Start of Block
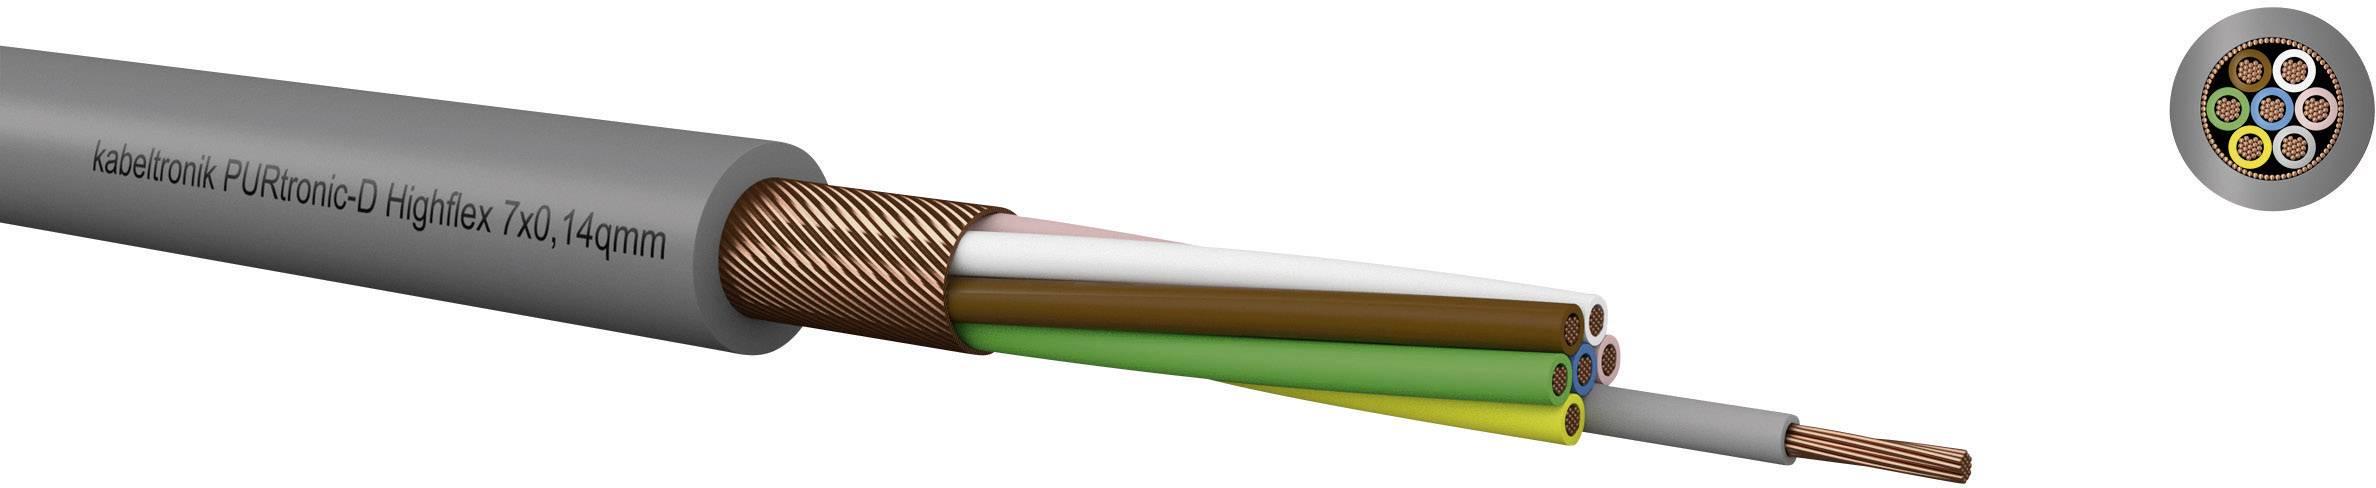 Riadiaci kábel Kabeltronik PURtronic Highflex 213101400, 10 x 0.14 mm², vonkajší Ø 3.20 mm, 500 V, metrový tovar, sivá
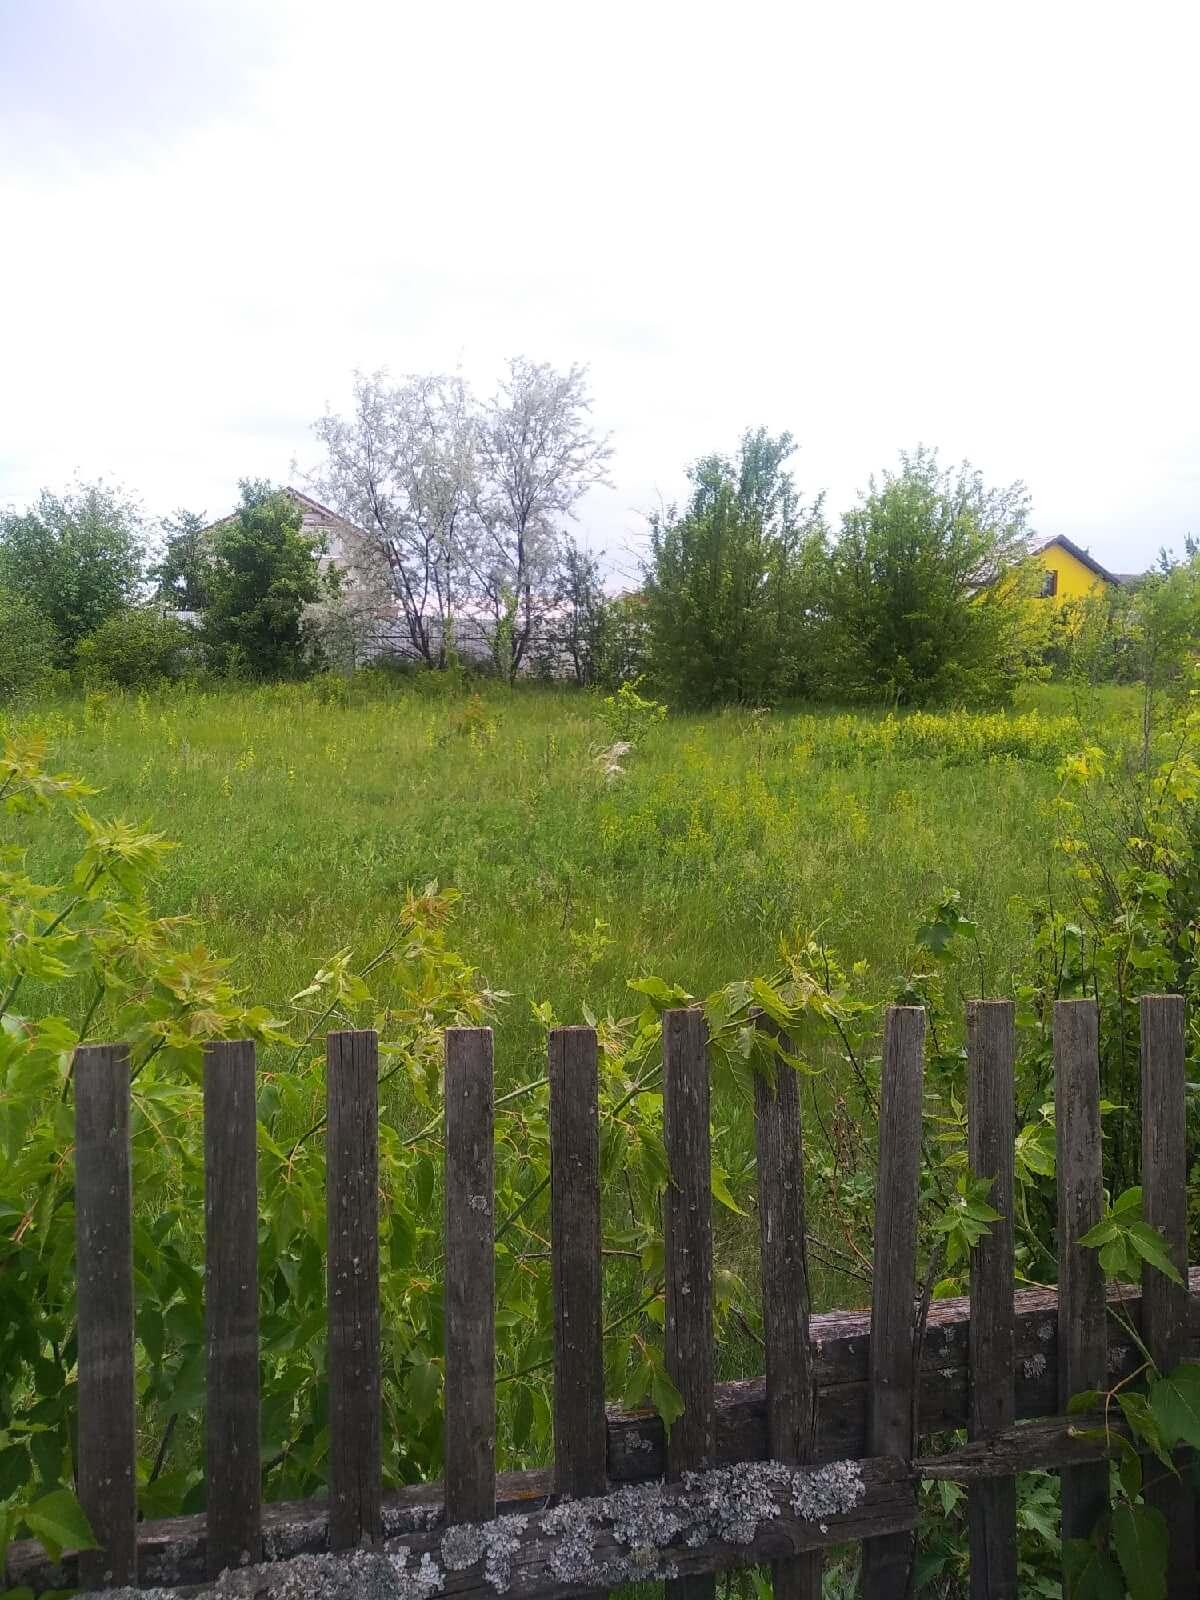 Земельный участок, массив Бобровка, агентство недвижимости Александра Замула
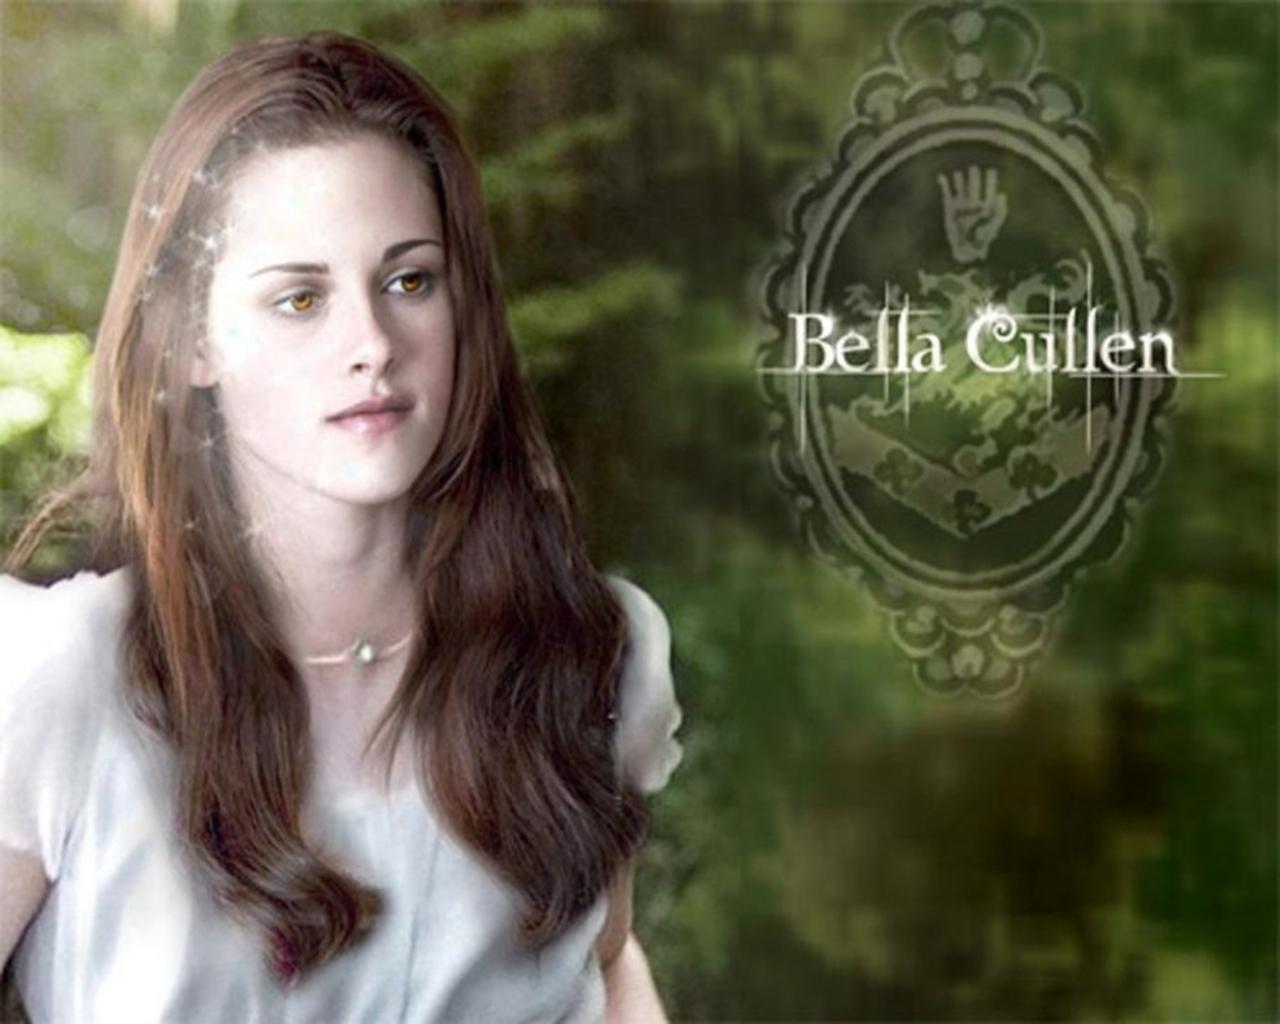 Bella Cullen - Twilighters Wallpaper (15769397) - Fanpop
End of Block
Work task »
Retype the data above verbatim, minus images.

Response to the exercise »
 Riadiaci kábel Kabeltronik PURtronic Highflex 213101400, 10 x 0.14 mm², vonkajší Ø 3.20 mm, 500 V, metrový tovar, sivá
 Земельный участок, массив Бобровка, агентство недвижимости Александра Замула
 Bella Cullen - Twilighters Wallpaper (15769397) - Fanpop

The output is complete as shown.